Coming back to the proverb cited above, while it is evident that common people including the most vulnerable segments of the population comprising children, women, elderly people and the poor suffer more in wars as they have little wherewithal to flee conflict zones, some could gain considerably from the ‘war industry’. These are people and groups involved in the business of wars: owners and traders of military-industrial complex, militaries and private militias.

Disaggregating the data from Brown University’s ‘Costs of War Project’, it becomes more evident how the US spent over $2 trillion in the Afghan theater and what it has achieved at the end of nearly two decades is actually worth the cost. Of the $2 trillion, over one and a half trillion has been consumed in countless military operations following the military invasion of Afghanistan in the wake of the 9/11 terrorist attacks in the US. How the US has gained militarily and what it has achieved is clear from the fact of who is calling the shots in Afghanistan today. Huge chunks of this money, approximately 60 percent, has been spent on training, fuel, armored vehicles and establishing new military facilities. The rest of the amount has been spent on transportation, logistics and counter-narcotic operations.

According to Dr David Mansfield of the London School of Economics, who has studied the Afghan opium industry for more than two decades, the US has spent $1.5 million per day since 2001 fighting the opium war in Afghanistan. However, with all the excellent intelligence networks and most sophisticated technology and incredibly trained military at its disposal, the US has utterly failed on this front as well.
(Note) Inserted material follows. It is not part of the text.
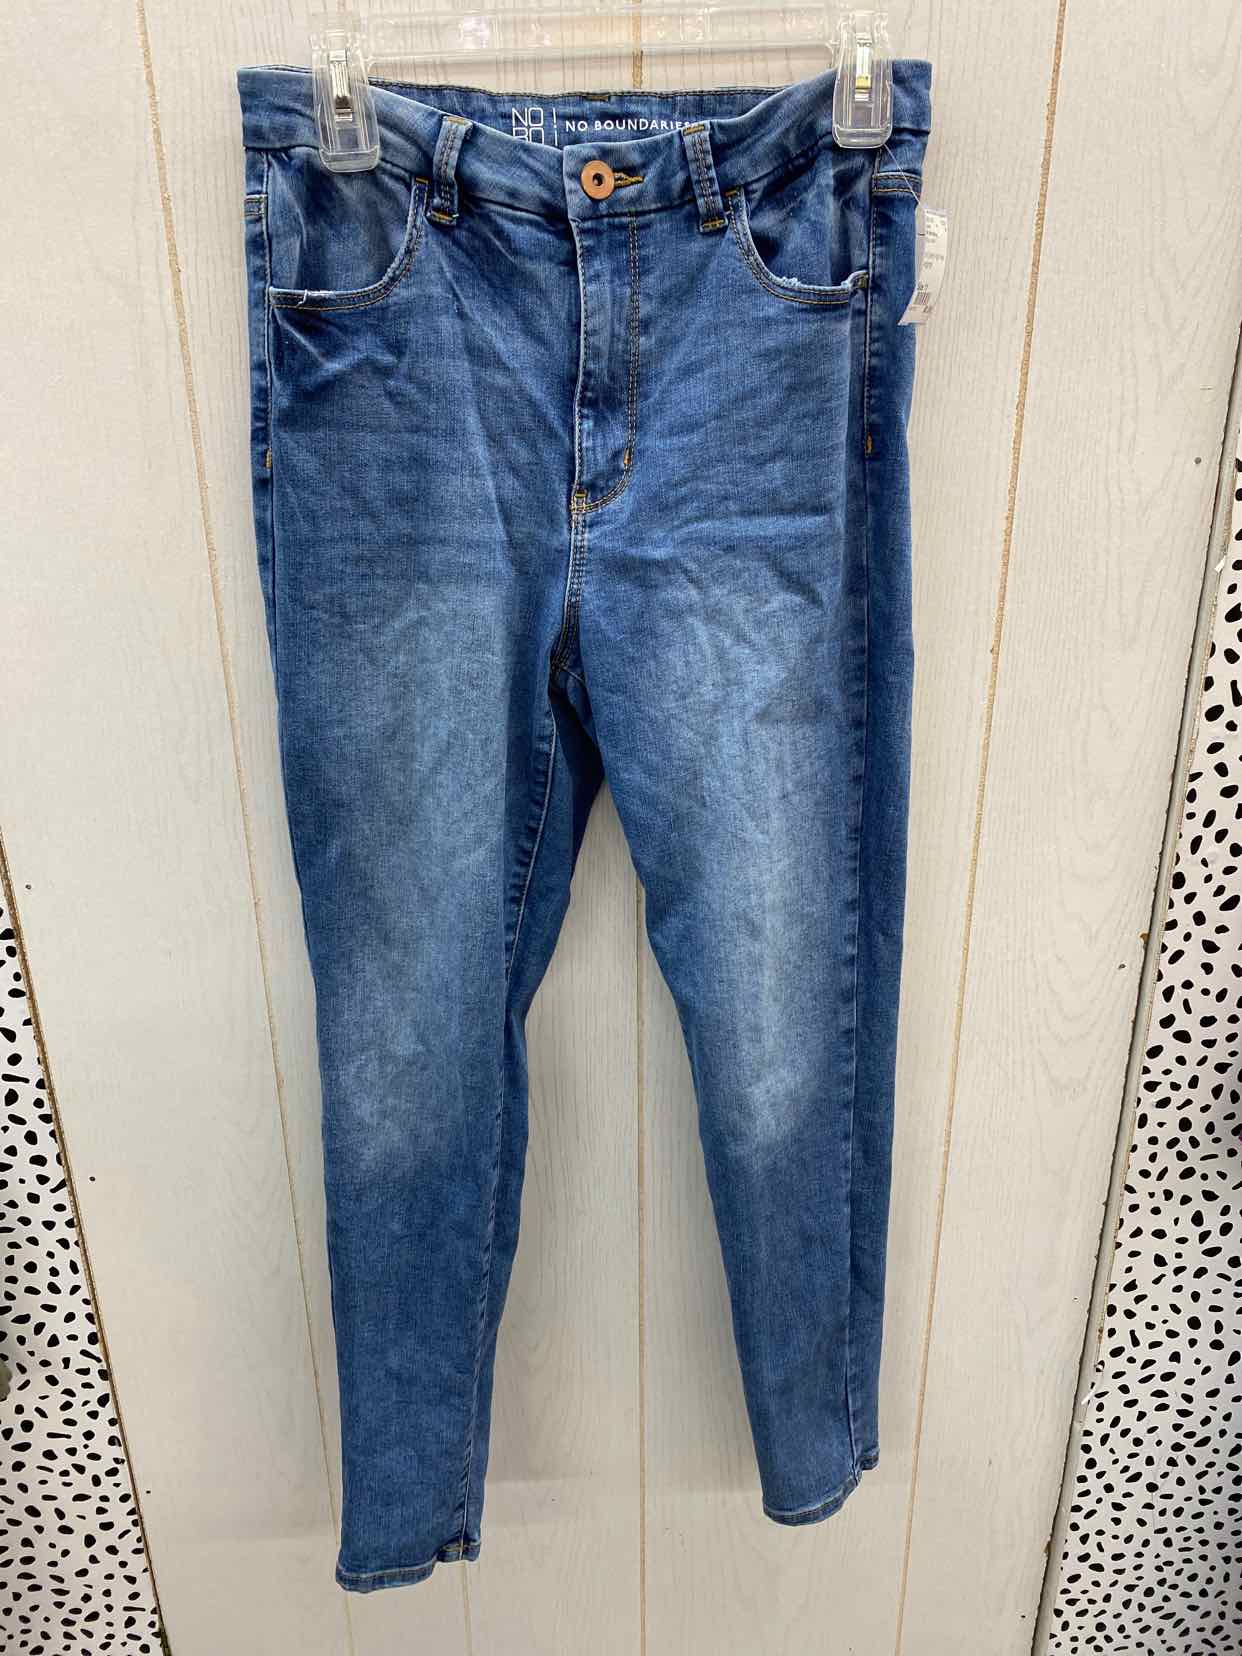 No Boundaries Blue Junior Size 11 Jeans – Twice As Nice Consignments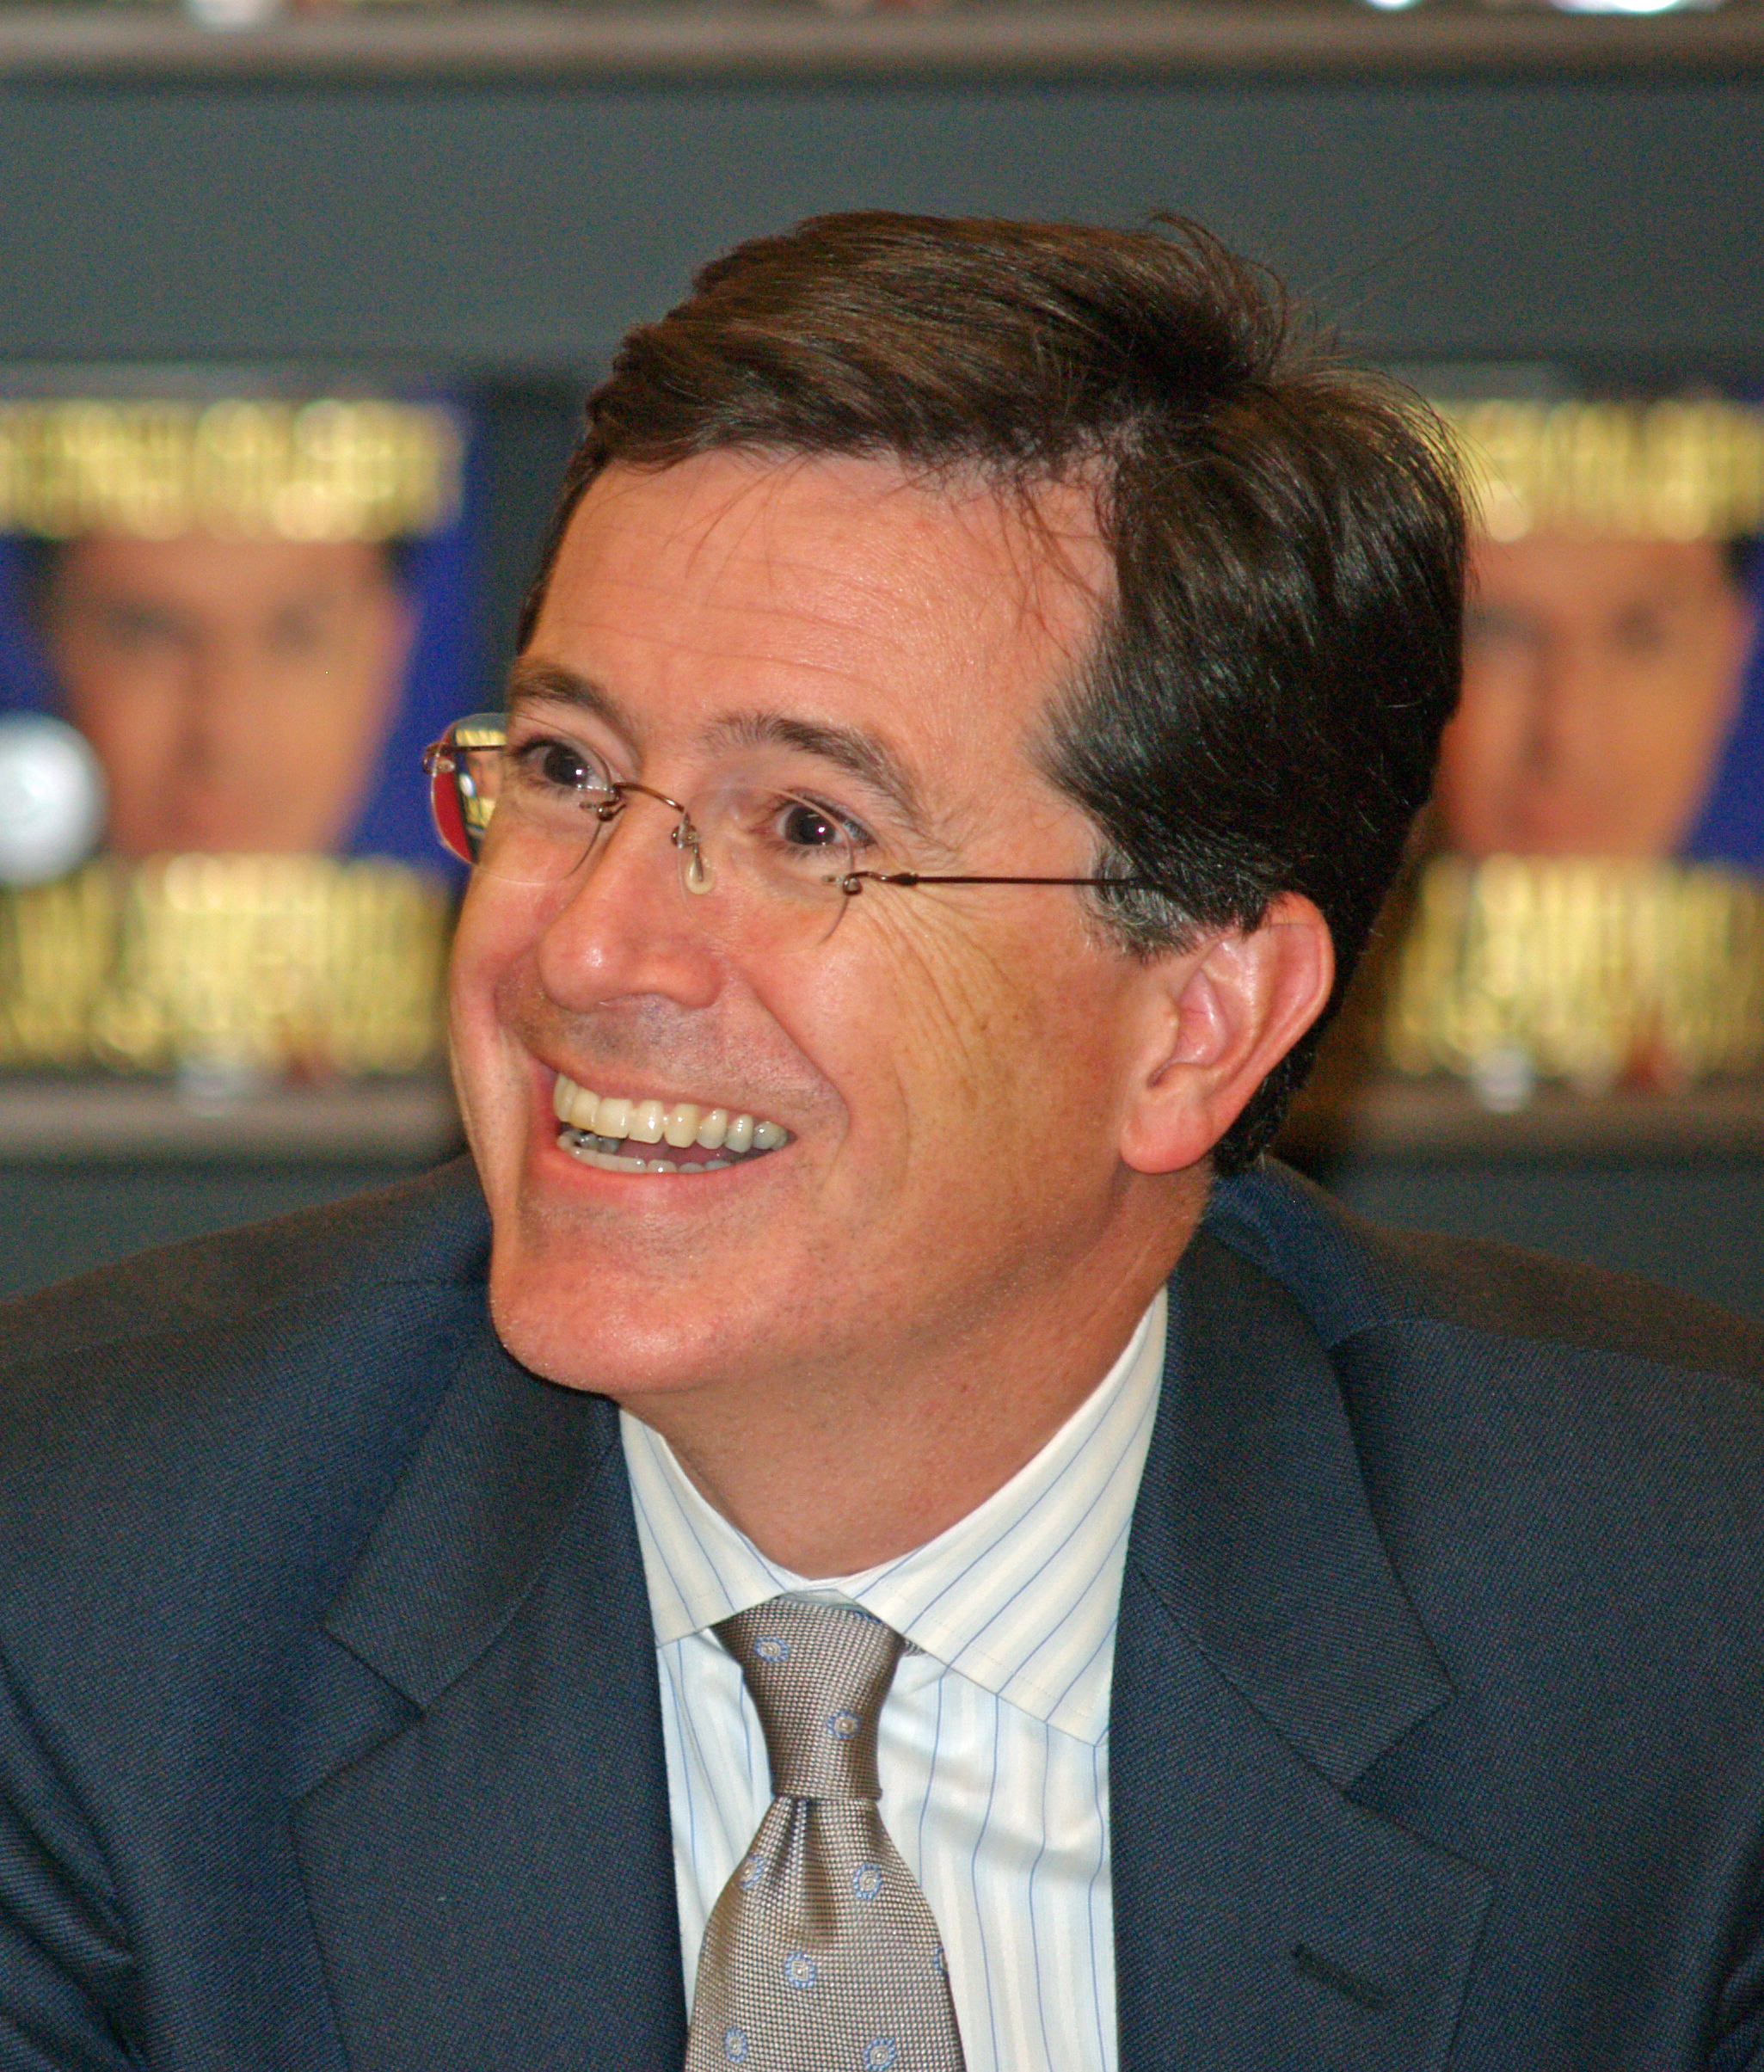 Stephen COLBERT of Comedy Centrals "The COLBERT Report"

As per the UN Office on Drugs and Crime (UNODC), poppy cultivation has risen significantly and consistently in this war-ravaged country. The UN agency has pointed out that when the American and British forces invaded Afghanistan in October 2001, poppy was grown on around 74,000 hectares. Now the latest figures suggest that production has augmented more than four-fold: today opium is being grown on 328,000 hectares.

Today, Afghanistan supplies 80 percent of the world’s heroin, thanks to the US and its Nato allies for their wonderful counter-narcotic crusades. While the Taliban were no angels when it comes to their horrifying regime and I am not going to glorify their war against poppy, there is a broader consensus that when the Taliban were in power “Afghanistan had almost completely eradicated opium”, according to UN data from 1996 to 2001. Today, poppy cultivation and opium production is a major source of revenue and employment, as well as a key source of income for Taliban insurgents.

Of the total $2 trillion, the US has poured in this war, $87 billion has gone to train the Afghan military and police forces. While the US has allocated incredible financing to raise an efficient and well-equipped army, Afghanistan finds it a Herculean task to support and sustain its military on its own. The US funds have sponsored the Afghan Army and police forces through equipment, training and cash grants. Here too, the results are not what the US and Afghanistan leadership would have anticipated.

A New York Times report has argued validly that “nobody in Afghanistan – not the American military, and not President Ashraf Ghani’s top advisers – thinks Afghan military forces could support themselves”. There are numerous tales and reports of widespread desertions and of changing allegiance when the situations demand so. The struggle for existence is applicable everywhere (which is why Darwin should be taught, whether we agree or disagree with him). But here the US deserves appreciation for building an army from scratch; and no doubt Afghan soldiers have sacrificed thousands of its troops against the ruthless Taliban assault.

Over the course of this protracted war, the US alone has disbursed more than $100 billion in the country for economic development and reconstruction programmes. After toppling the Taliban regime, President Bush delineated in 2002 that “by helping to build an Afghanistan that is free from this evil and is a better place in which to live, we are working in the best traditions of George Marshall”. Marshall was US Secretary of State and the architect of the plan that abetted in rebuilding the war-battered European economies following World War II.